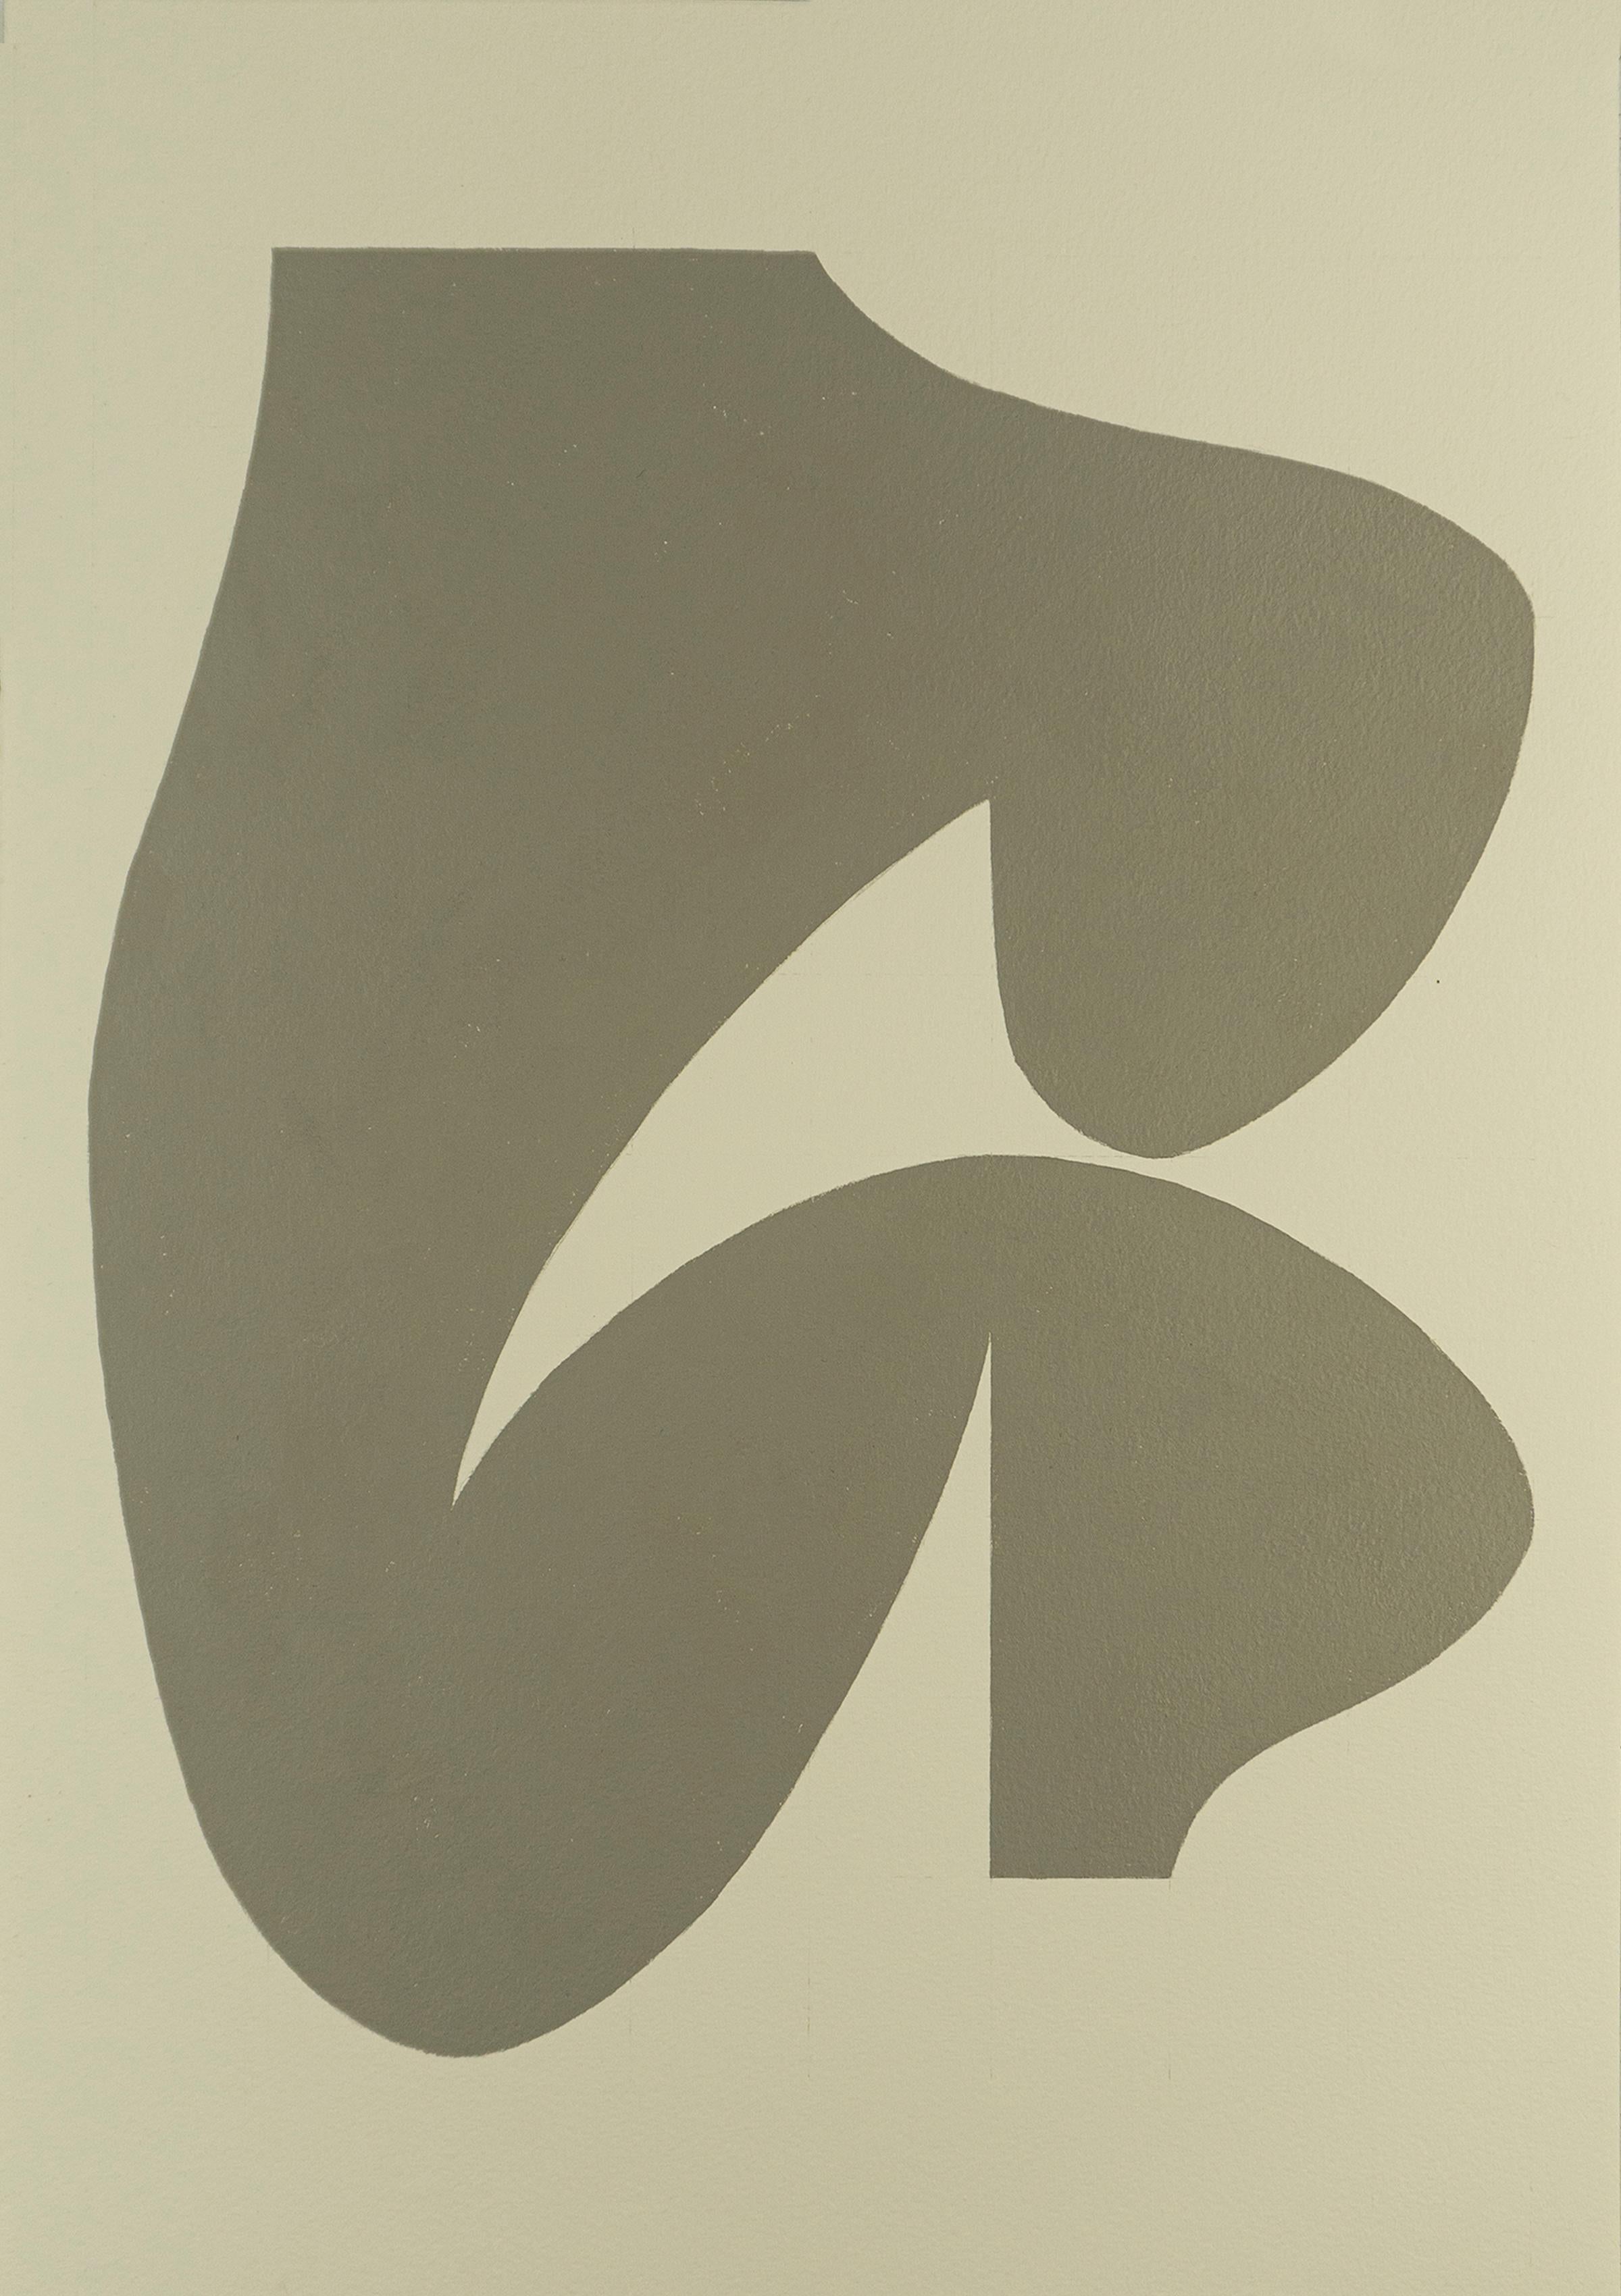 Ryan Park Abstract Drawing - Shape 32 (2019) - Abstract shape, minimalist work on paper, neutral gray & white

◆ ◆ ◆ ◆

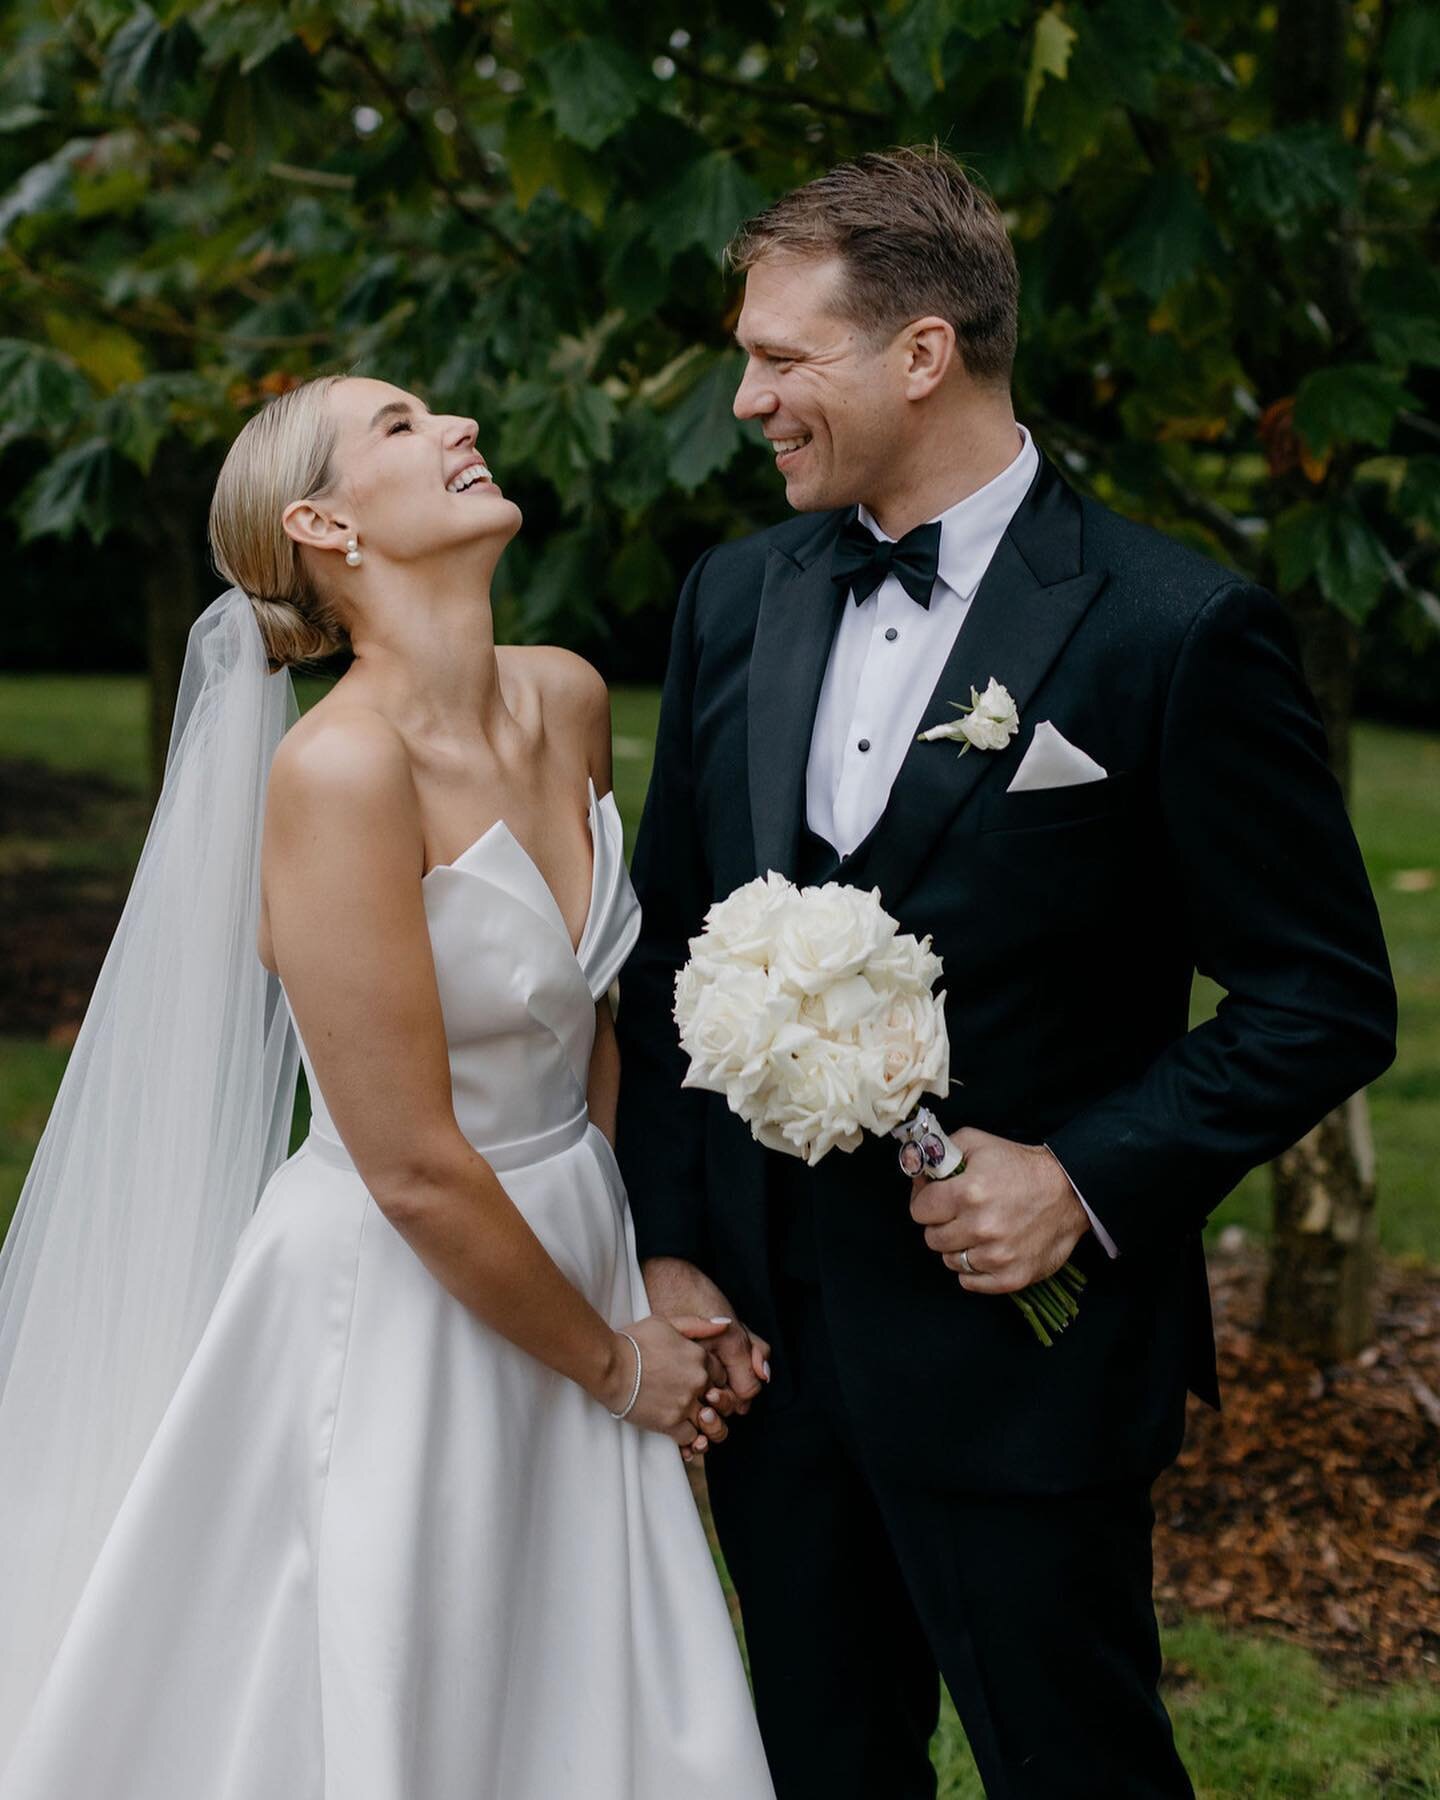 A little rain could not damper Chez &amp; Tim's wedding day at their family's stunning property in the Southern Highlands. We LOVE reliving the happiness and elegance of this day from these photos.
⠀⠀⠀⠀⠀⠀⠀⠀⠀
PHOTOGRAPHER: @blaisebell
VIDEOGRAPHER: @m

◆ ◆ ◆ ◆

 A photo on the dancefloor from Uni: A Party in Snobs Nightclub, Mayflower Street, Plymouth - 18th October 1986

◆ ◆ ◆ ◆

→ **DESCRIPTION OF THE TASK**: Beginning with the line that contains "A little rain", write out the lines of the material above exactly, and end with the line that contains "VIDEOGRAPHER: @m". Omit the pictures.

→ **EXPECTED ANSWER**:
 A little rain could not damper Chez &amp; Tim's wedding day at their family's stunning property in the Southern Highlands. We LOVE reliving the happiness and elegance of this day from these photos.
⠀⠀⠀⠀⠀⠀⠀⠀⠀
PHOTOGRAPHER: @blaisebell
VIDEOGRAPHER: @m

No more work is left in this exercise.